## [Instructions to follow]
In the records below, begin at the line that has "Sweaters & Cardigans" and stop after the line that has "whkmp's own Vloerkleed"; quote those lines verbatim and nothing more.

((

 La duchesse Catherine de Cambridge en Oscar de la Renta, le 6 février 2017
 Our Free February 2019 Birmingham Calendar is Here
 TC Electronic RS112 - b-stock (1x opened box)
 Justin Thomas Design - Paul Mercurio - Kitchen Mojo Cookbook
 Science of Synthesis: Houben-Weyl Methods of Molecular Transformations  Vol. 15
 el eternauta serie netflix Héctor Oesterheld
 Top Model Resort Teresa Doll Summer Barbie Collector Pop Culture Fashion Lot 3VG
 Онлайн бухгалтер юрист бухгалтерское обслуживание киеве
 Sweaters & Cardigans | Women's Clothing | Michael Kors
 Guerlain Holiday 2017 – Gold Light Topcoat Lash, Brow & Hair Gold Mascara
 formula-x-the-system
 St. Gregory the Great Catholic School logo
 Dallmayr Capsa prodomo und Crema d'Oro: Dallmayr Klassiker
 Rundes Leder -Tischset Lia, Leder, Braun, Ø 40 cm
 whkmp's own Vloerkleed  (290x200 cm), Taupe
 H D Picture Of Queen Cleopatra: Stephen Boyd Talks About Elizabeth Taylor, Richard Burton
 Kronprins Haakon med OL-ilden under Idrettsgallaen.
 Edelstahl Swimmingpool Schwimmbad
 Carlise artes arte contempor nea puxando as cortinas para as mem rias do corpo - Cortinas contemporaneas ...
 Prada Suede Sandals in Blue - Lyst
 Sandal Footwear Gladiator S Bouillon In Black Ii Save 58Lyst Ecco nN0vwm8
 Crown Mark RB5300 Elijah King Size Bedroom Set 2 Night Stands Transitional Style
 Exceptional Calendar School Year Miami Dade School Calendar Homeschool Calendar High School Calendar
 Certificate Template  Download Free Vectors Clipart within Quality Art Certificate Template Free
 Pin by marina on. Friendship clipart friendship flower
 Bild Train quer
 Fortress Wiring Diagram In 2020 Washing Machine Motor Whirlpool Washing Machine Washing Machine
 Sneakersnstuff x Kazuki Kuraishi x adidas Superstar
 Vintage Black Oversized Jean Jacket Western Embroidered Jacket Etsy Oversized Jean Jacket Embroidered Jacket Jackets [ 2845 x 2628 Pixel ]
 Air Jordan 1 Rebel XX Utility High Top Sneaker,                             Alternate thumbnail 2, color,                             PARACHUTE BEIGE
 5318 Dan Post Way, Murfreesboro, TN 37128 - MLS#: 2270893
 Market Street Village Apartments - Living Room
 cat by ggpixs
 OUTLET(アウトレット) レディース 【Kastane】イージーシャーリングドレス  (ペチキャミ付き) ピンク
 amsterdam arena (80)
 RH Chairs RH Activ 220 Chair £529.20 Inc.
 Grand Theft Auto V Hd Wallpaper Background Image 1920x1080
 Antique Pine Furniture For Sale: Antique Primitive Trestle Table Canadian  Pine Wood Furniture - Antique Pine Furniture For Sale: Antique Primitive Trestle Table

))

## [Exercise result]
 Sweaters & Cardigans | Women's Clothing | Michael Kors
 Guerlain Holiday 2017 – Gold Light Topcoat Lash, Brow & Hair Gold Mascara
 formula-x-the-system
 St. Gregory the Great Catholic School logo
 Dallmayr Capsa prodomo und Crema d'Oro: Dallmayr Klassiker
 Rundes Leder -Tischset Lia, Leder, Braun, Ø 40 cm
 whkmp's own Vloerkleed  (290x200 cm), Taupe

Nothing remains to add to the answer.